**PROBLEM TO SOLVE:** Would you return the listing that follows exactly, leaving its pictures behind?

**GIVEN DATA:**
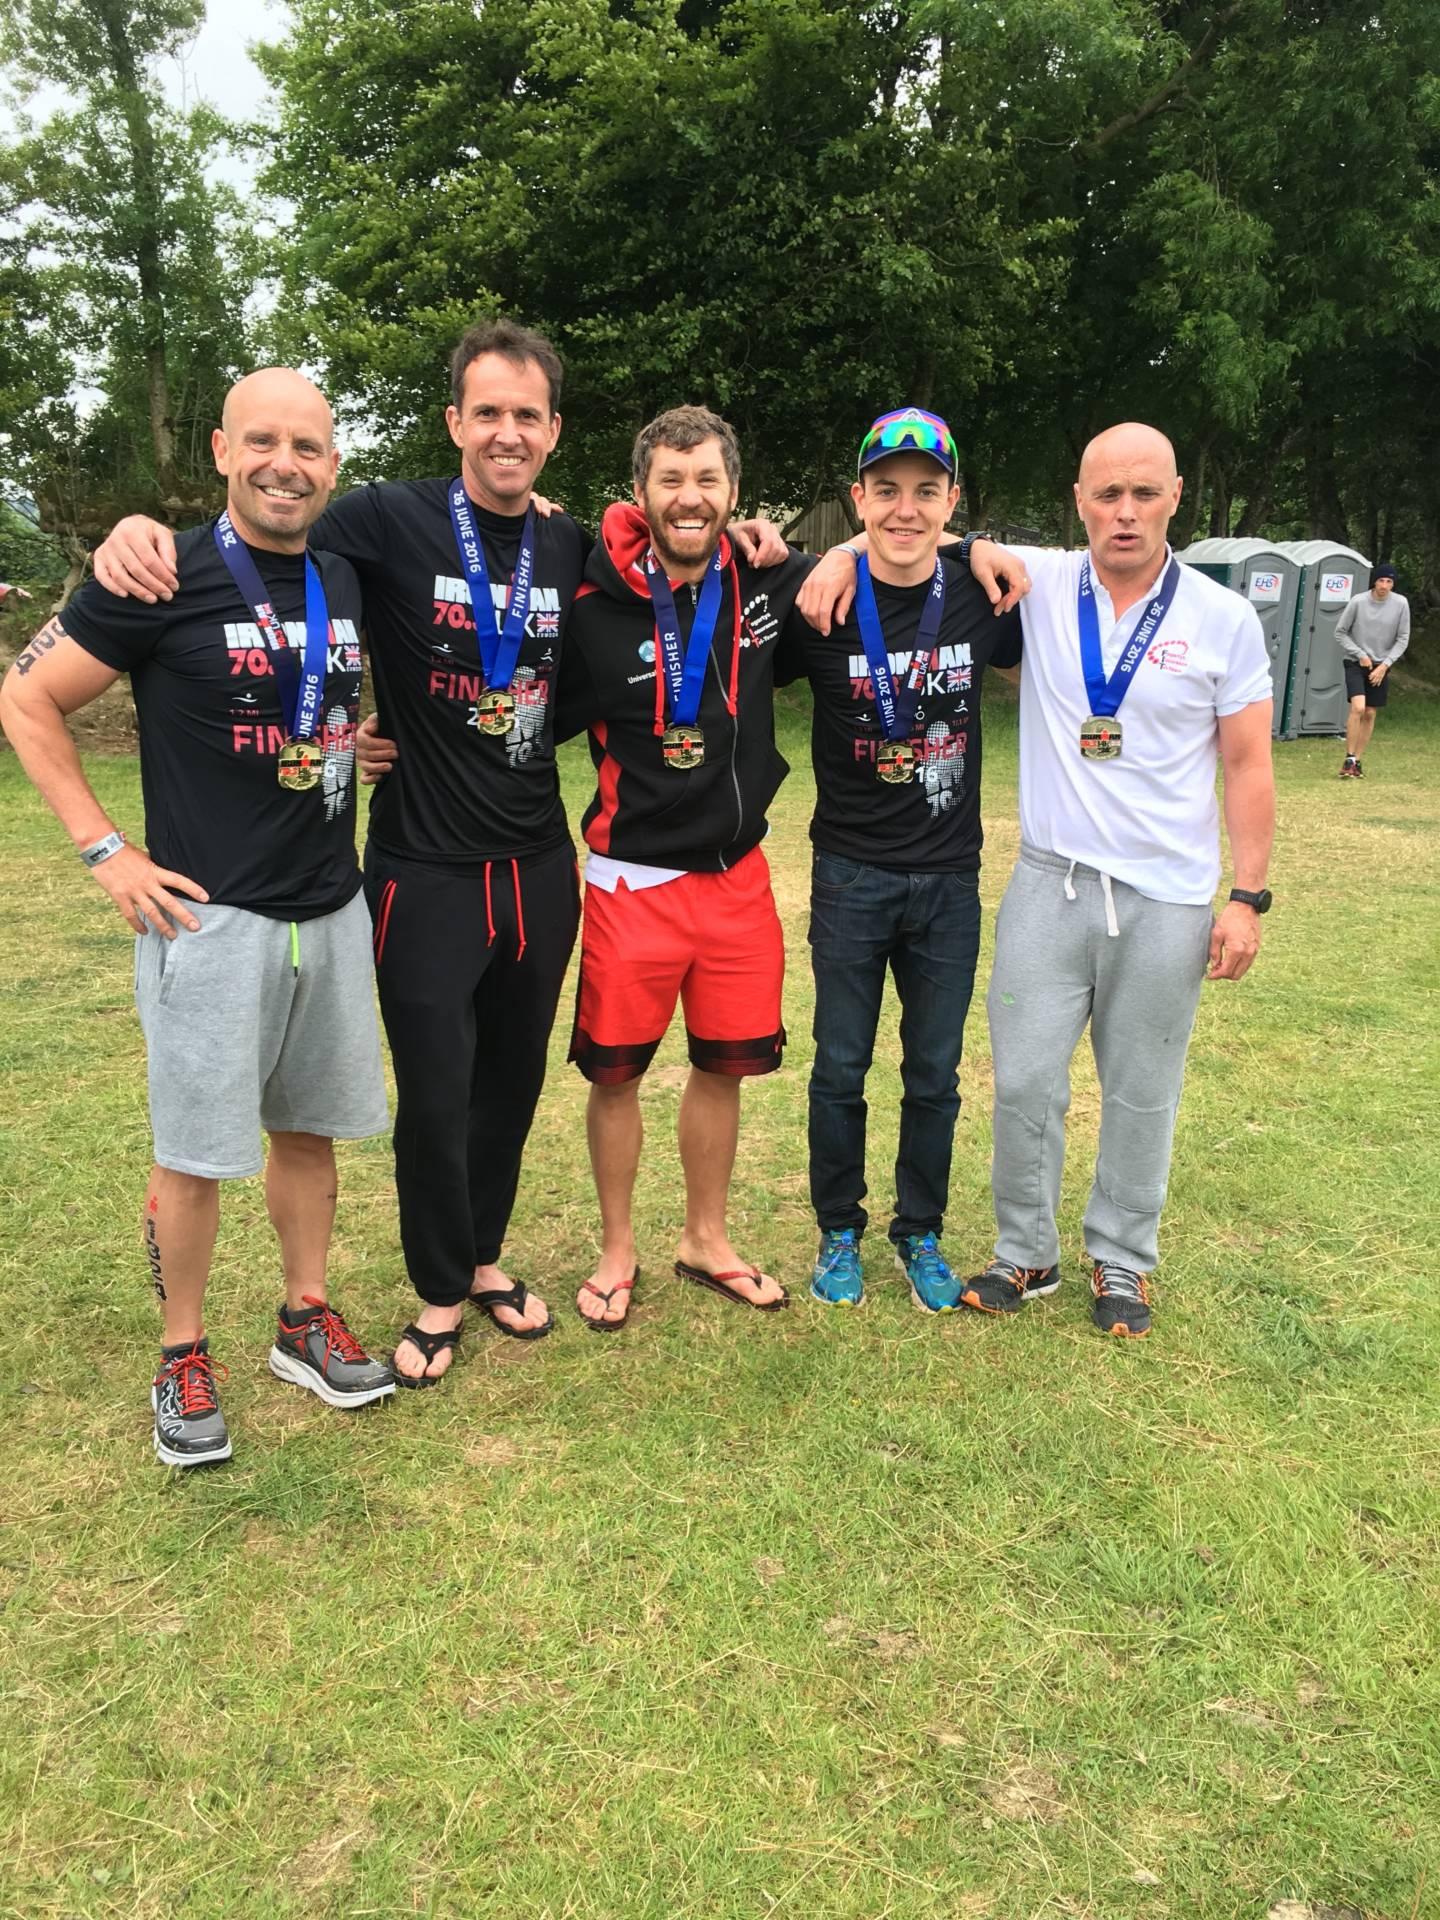 Brian just misses the Podium at Exmoor Ironman – Shaun Wins Lancaster Half-Marathon – Mark Wins V40 at Lakes Triathlon
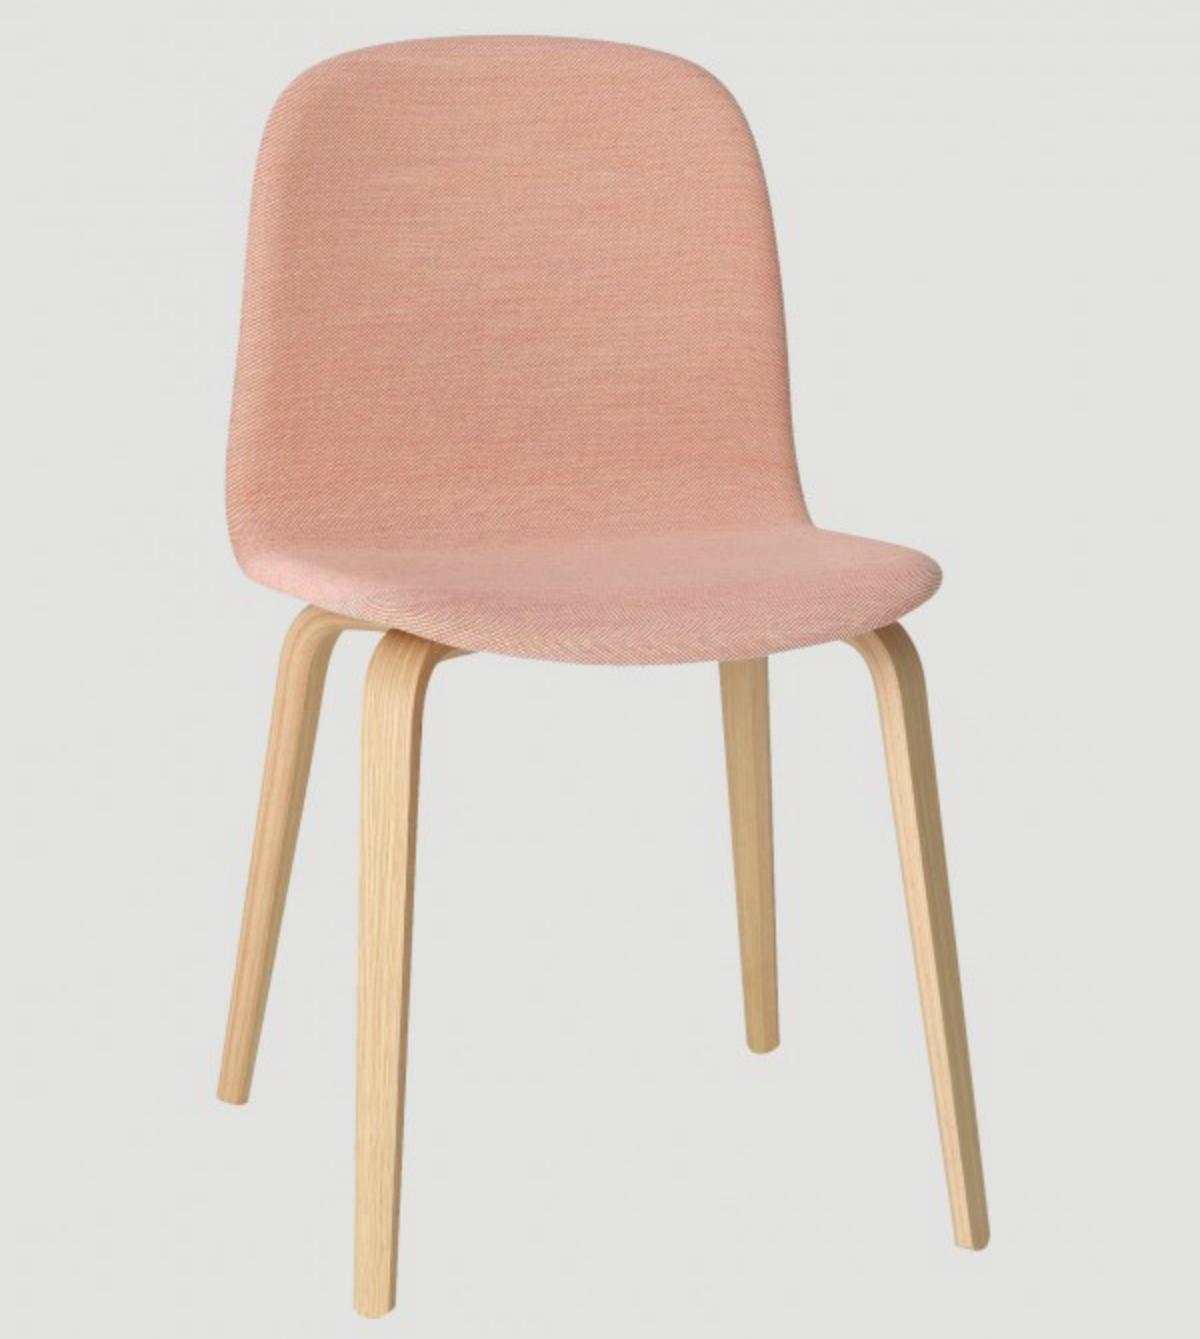 Muuto a New Perspective on Scandinavian Design
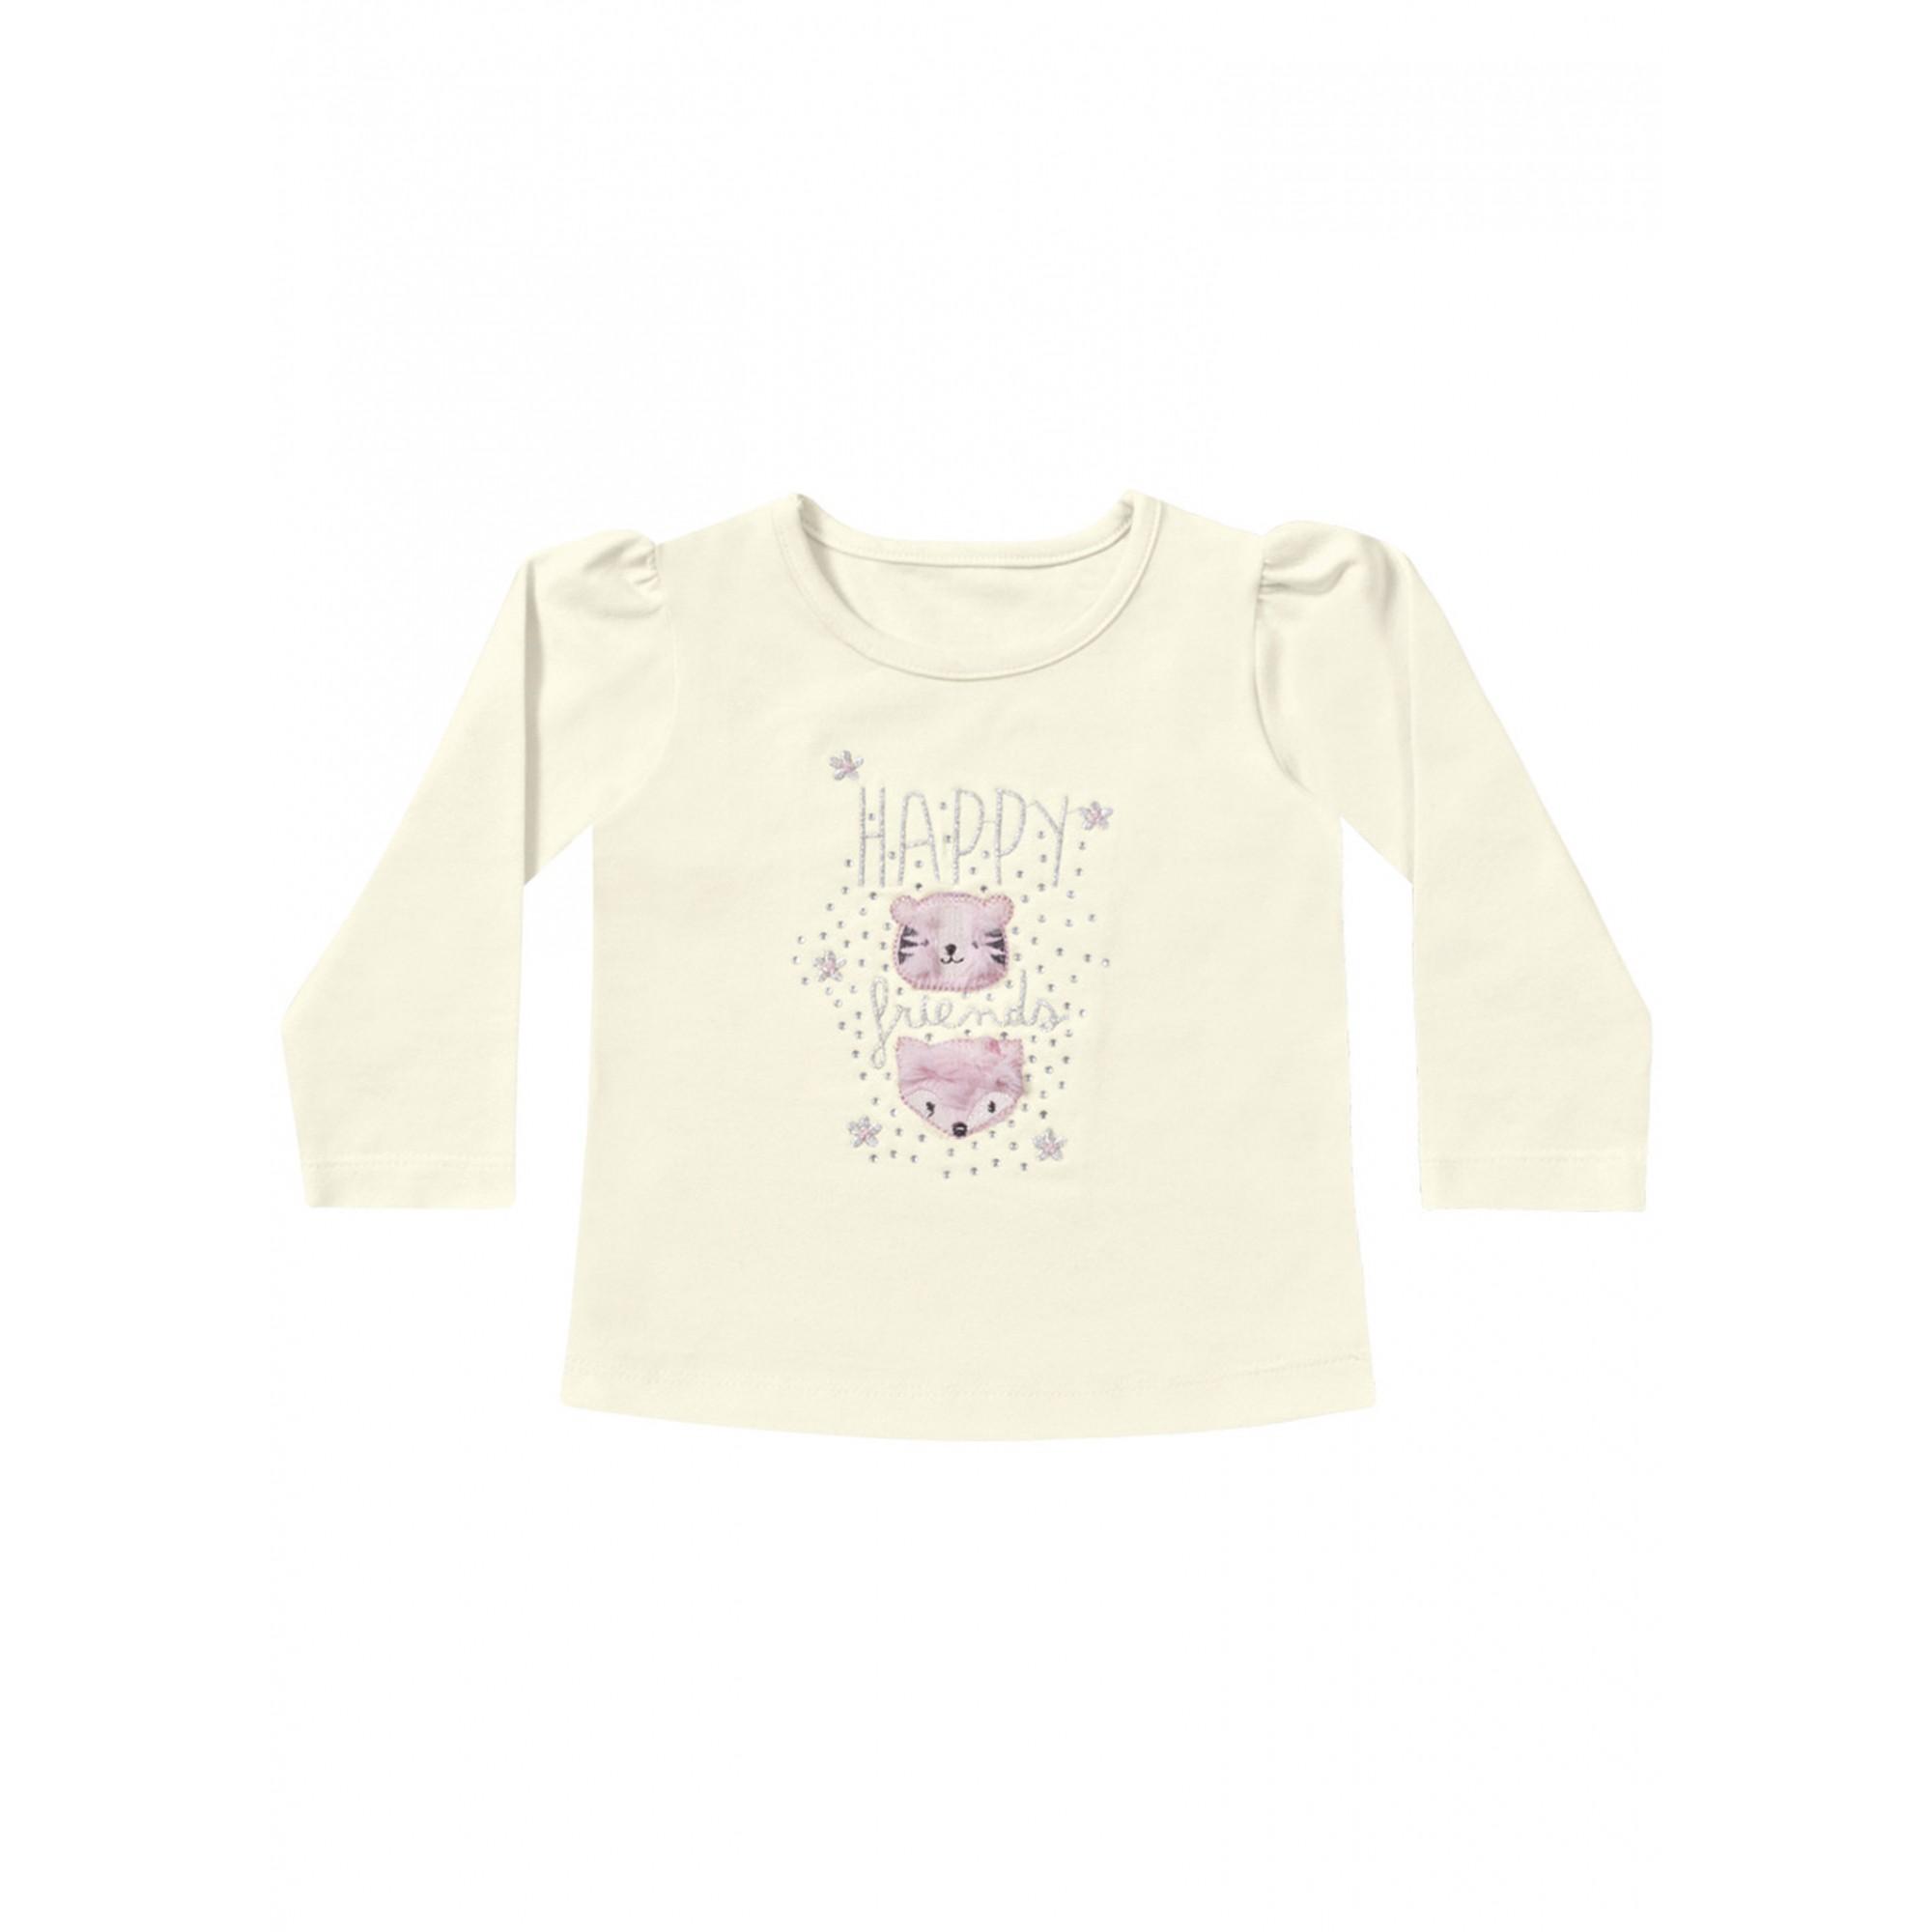 Blusa infantil feminina para bebê Happy Friends Playground

**FINISHED EXERCISE:**
 Brian just misses the Podium at Exmoor Ironman – Shaun Wins Lancaster Half-Marathon – Mark Wins V40 at Lakes Triathlon
 Muuto a New Perspective on Scandinavian Design
 Blusa infantil feminina para bebê Happy Friends Playground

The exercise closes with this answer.